Snacking Smart
Inside your favorite kinds of nuts — walnuts, almonds, pecans and others — you’ll find many vitamins, minerals and other compounds your body needs for good health. There are the antioxidants found in vitamin E; several essential minerals such as magnesium, selenium, copper and manganese; and even fiber for more effective digestion. Thiamin, niacin, folate, phosphorus and zinc are all found in nuts.
Dieting With Nuts
Can you lose weight while eating nuts? Surprisingly, yes. Clinical trials have shown that snacking before lunch and before dinner can lead to weight loss by cutting down on appetite. In one study of a 1,300-calorie weight-loss diet, both the nut-snackers and the control group (who munched on snacks other than nuts) lost about three pounds in two weeks.

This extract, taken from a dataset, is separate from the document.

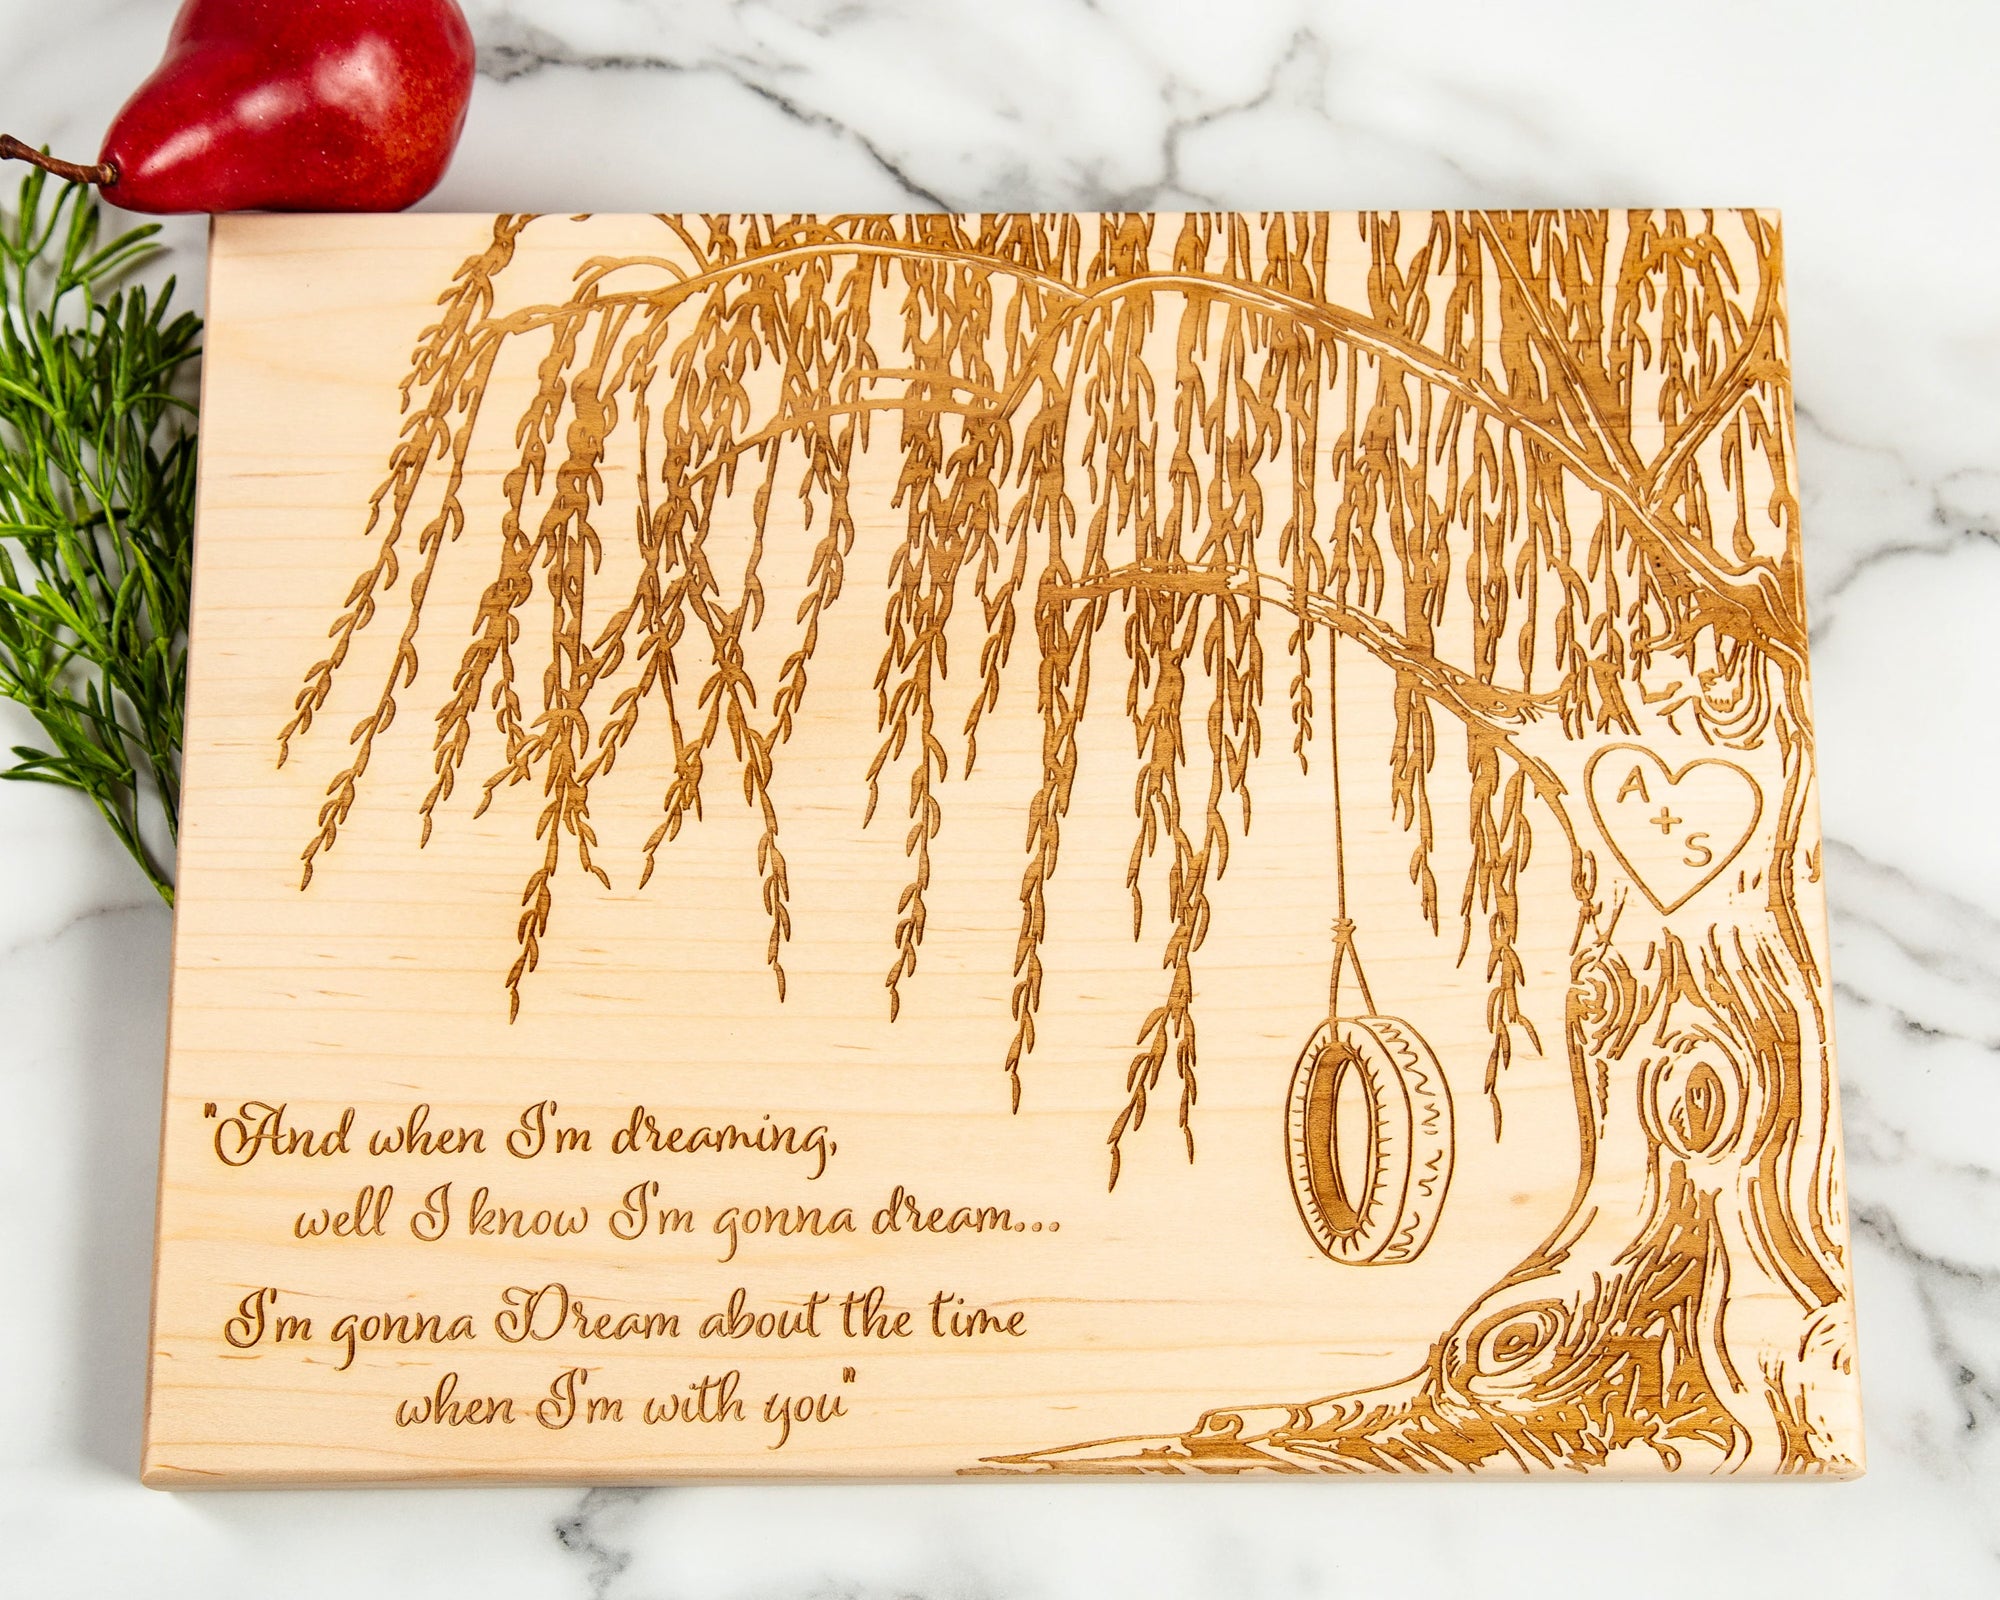 The 9th anniversary willow tree gift
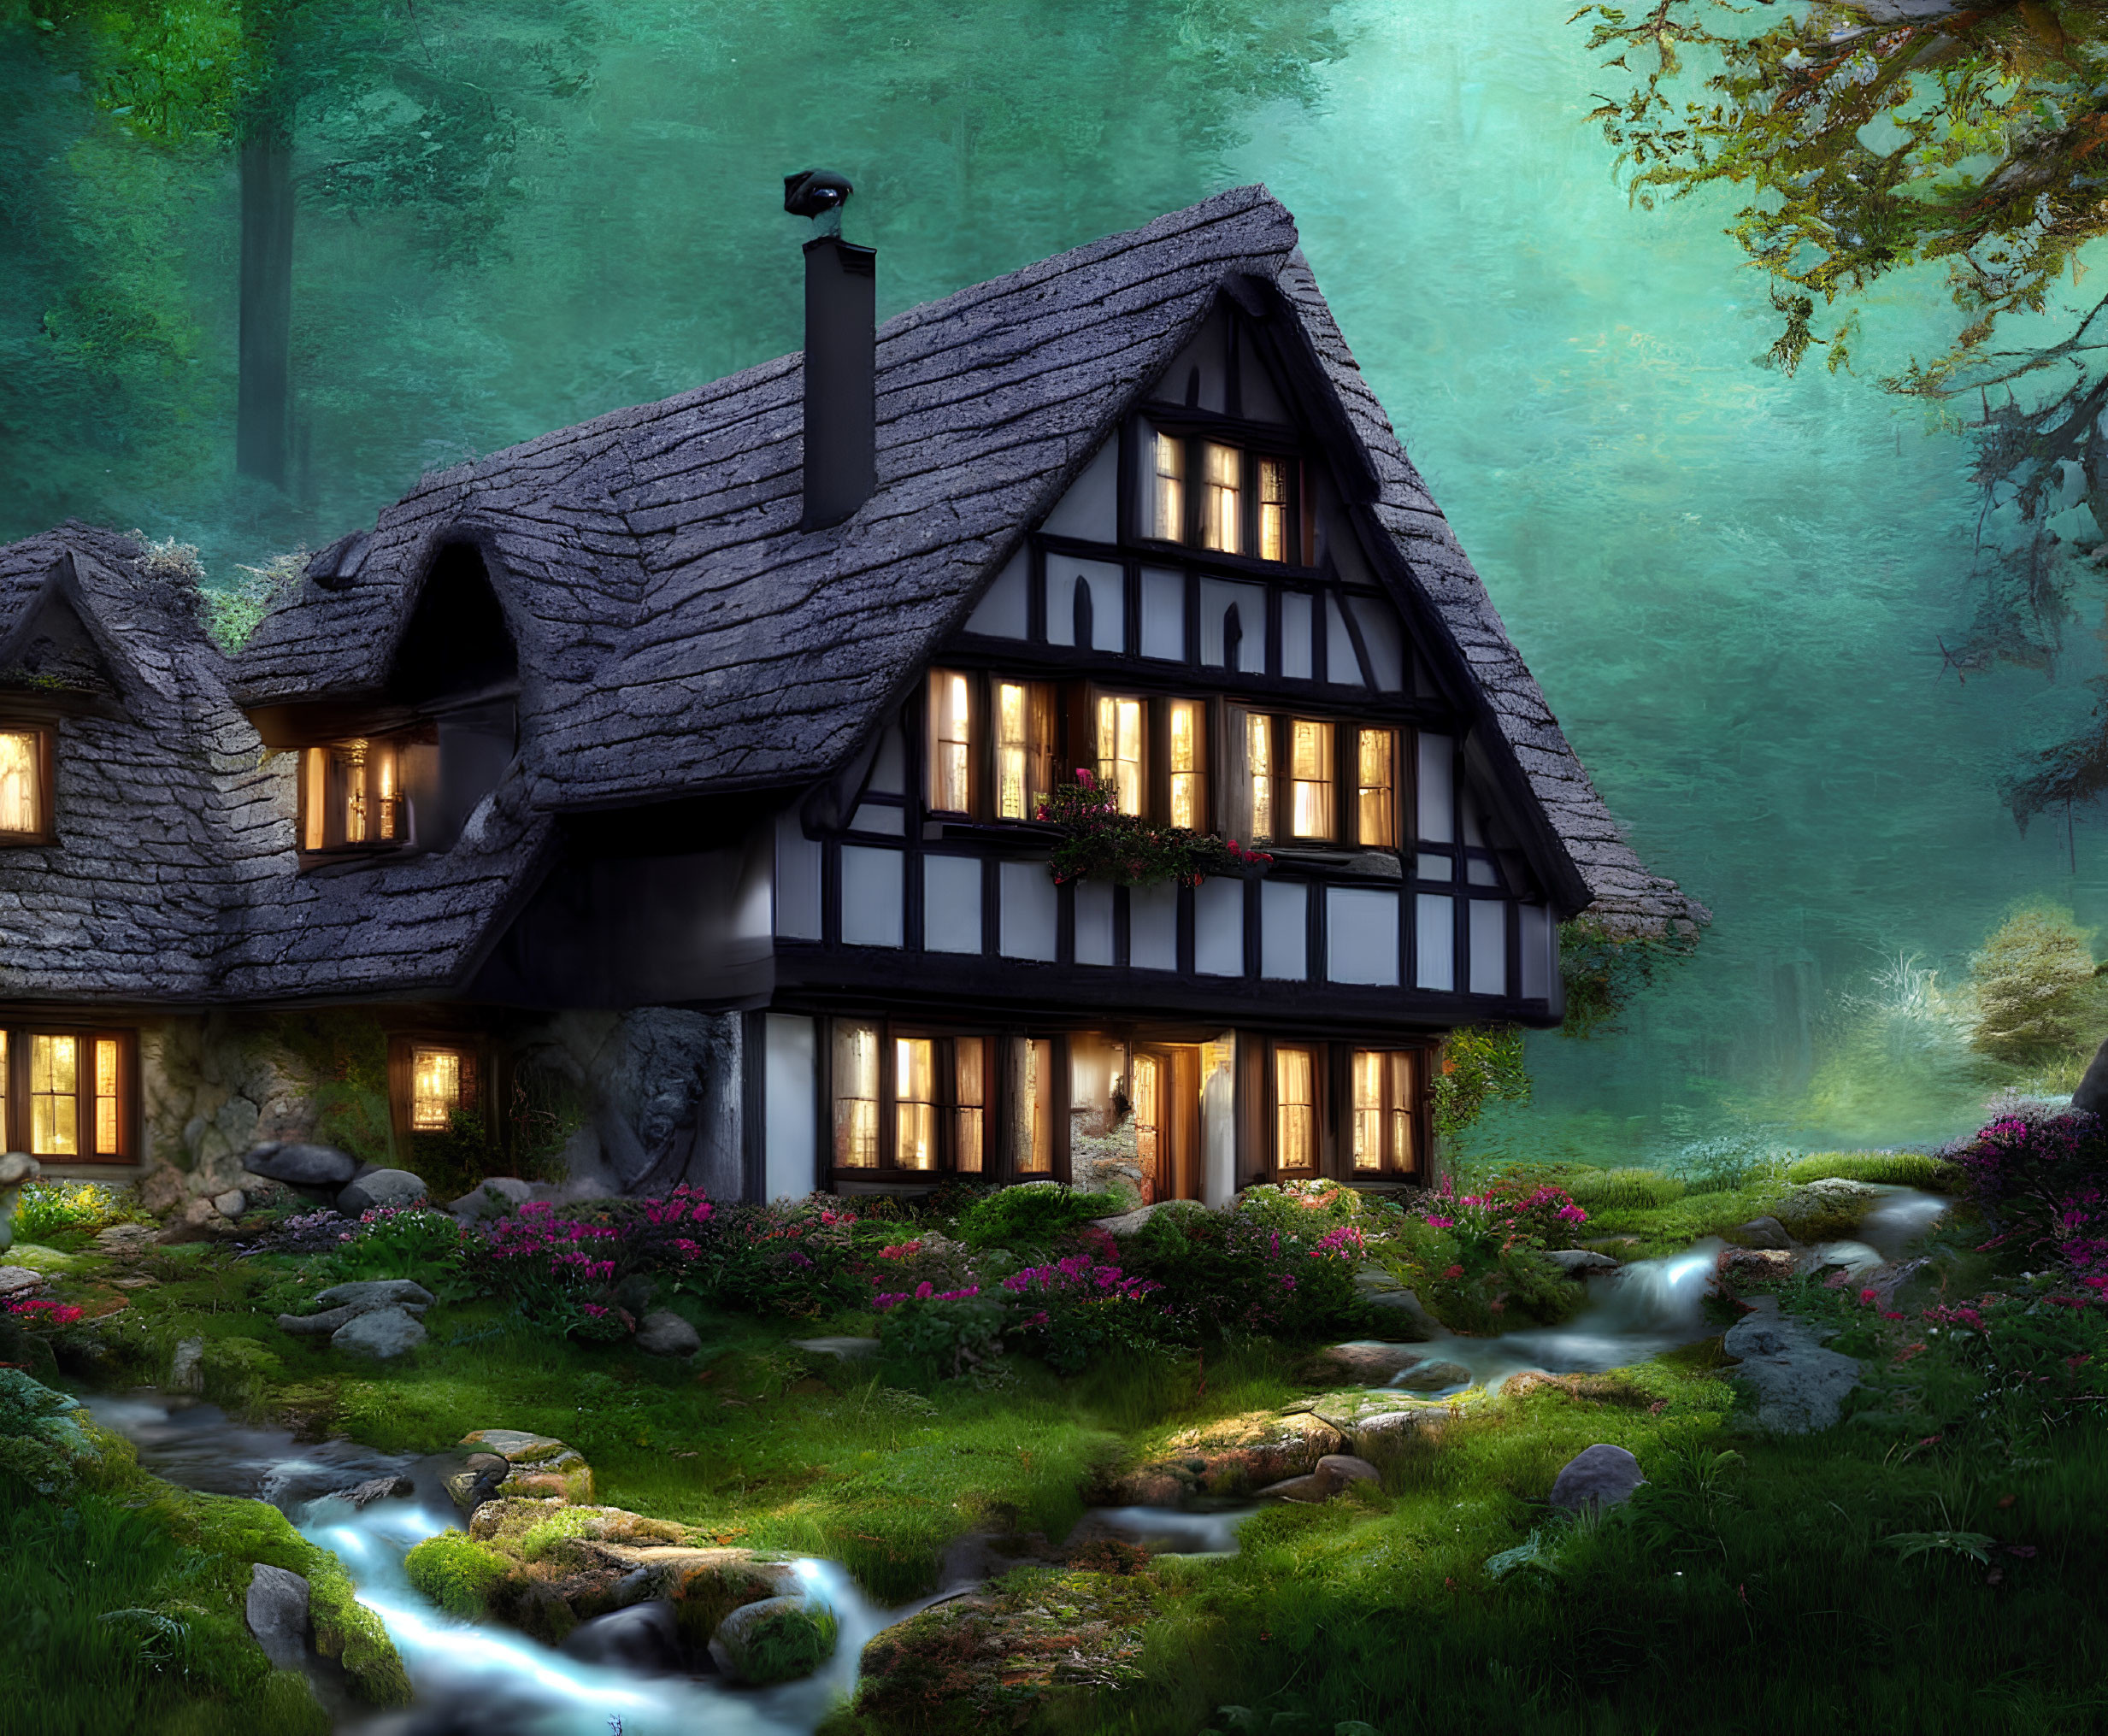 Enchanted forest cottage with babbling brook & lush greenery

Best of all, by adding nuts to your diet you’re doing more than losing weight. You’re improving your cholesterol profile, thereby cutting your risk of heart disease and certain types of cancer. If that’s not snacking smart, what is?
Snacking Ideas
Here are three tips to help you get the most from your favorite nuts.
- Toast ‘em. Toasting intensifies their flavor, so you can use fewer nuts and still get the taste you like.
- Chop ‘em. A few nuts can go a long way, especially if you cut them up. Add chopped nuts to cereal, mix them with raisins, or sprinkle them on yogurt.
- Measure ‘em. Try pouring out a portion of nuts rather than continually dipping into the container. Don’t sweat it too much, though. According to national surveys, most folks typically consume about an average serving size —about 1.5 ounces— whenever they snack on nuts.